Простор отсутствовал. Вся видимая поверхность планеты, насколько хватало обзора, была покрыта идеальным, геометрически безупречным мегаполисом. Башни из хрусталя и серебра вздымались к небу, соединенные ажурными мостами-трубами, по которым бесшумно скользили капсулы транспорта. Зелени не было. Ни деревца, ни клочка травы. Только камень, металл и магия, подчиненные единому, неумолимому замыслу. Небо было неестественно чистым, лазурным, без единого облачка, и тоже, как почувствовал Иван, искусственным, гигантским куполом-иллюзией.

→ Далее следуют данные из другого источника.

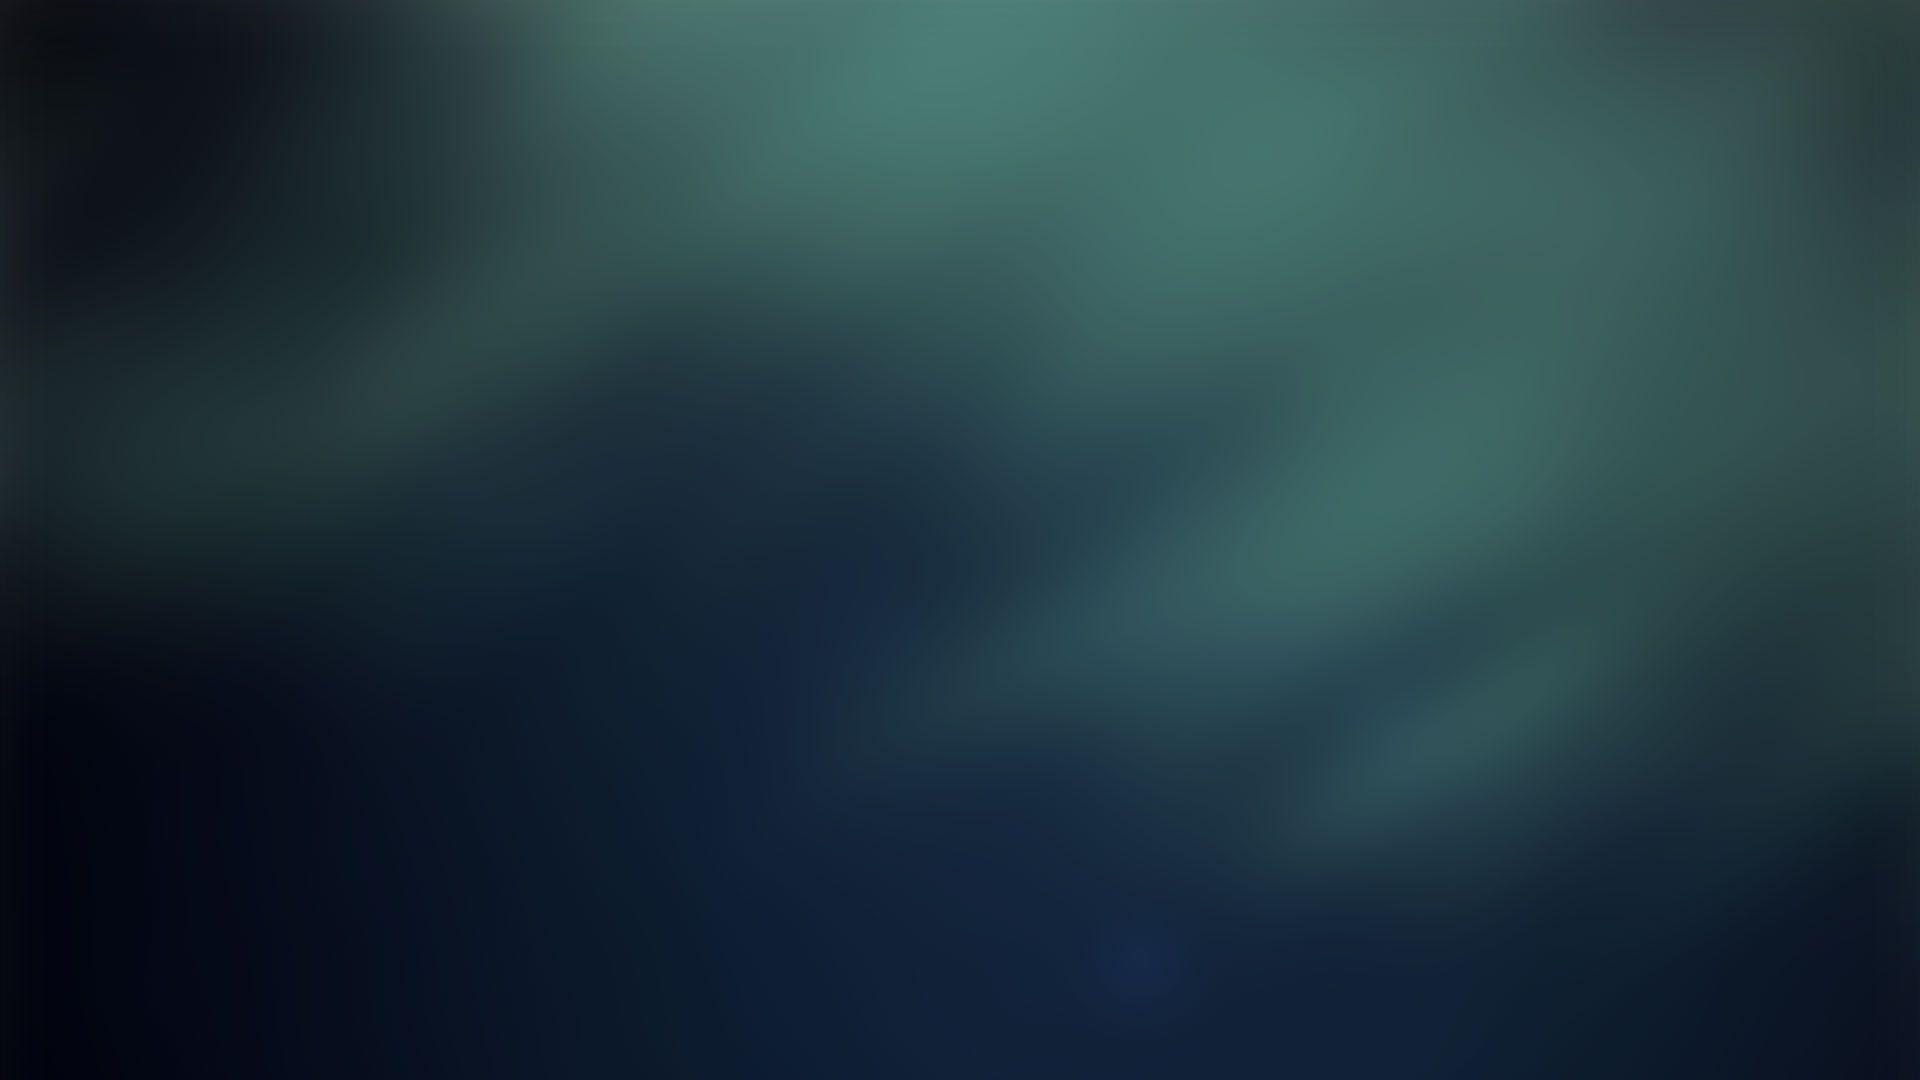 webproduct_darkbg2.jpg

Тишина оглушала. Ни гула машин, ни голосов, ни ветра. Только едва слышное, убаюкивающее гудение самих башен, словно город был одним живым, дышащим механизмом.

– Великий Курск… – прошептал Романов, снимая монокль и протирая его с почти религиозным трепетом. – Легендарная столица Магической Руси. Я читал о ней в манускриптах. Считал сказкой.
– Сказка с душком, – хрипло проворчал Иван-генерал, сжимая рукоять своего тесака. Его запыленная, окровавленная форма и грубые доспехи выглядели здесь кощунственным пятном, оскорблением самой идеи порядка. Он смотрел на город с плохо скрываемым отвращением. – Склеп. Красивый склеп. Где все его обитатели? Спят в нишах, как «батарейки»?
– Порядок. Абсолютный и безупречный, – с неподдельным восхищением в голосе произнесла Ольга-императрица. Ее глаза блестели. Она видела воплощение своих самых смелых мечтаний. – Ничего лишнего. Никакого хаоса. Никакой грязи. Никаких лишних эмоций. Идеальная эффективность.
– Стабильность системы близка к абсолютной, – монотонно констатировал Степан-ученый, с интересом разглядывая ближайшую колонну. – Энергетические потоки идеально сбалансированы. Поразительно. Социальные показатели, судя по всему, также на пике. Никаких конфликтов.
– Нет конфликтов – нет жизни, – мрачно бросил Генерал.
Внезапно из стены бесшумно выплыла сфера из полированного металла. Она парила в воздухе на уровне их лиц, и с ее поверхности донесся механический, лишенный всяких интонаций голос:
– Неопознанные субъекты. Вы нарушили священное пространство Тронного зала Его Императорского Величества. Пройдите сканирование. Сопротивление бесполезно.
Из сферы выстрелили тонкие лучи сапфирового света, пробежавшие по каждому из них.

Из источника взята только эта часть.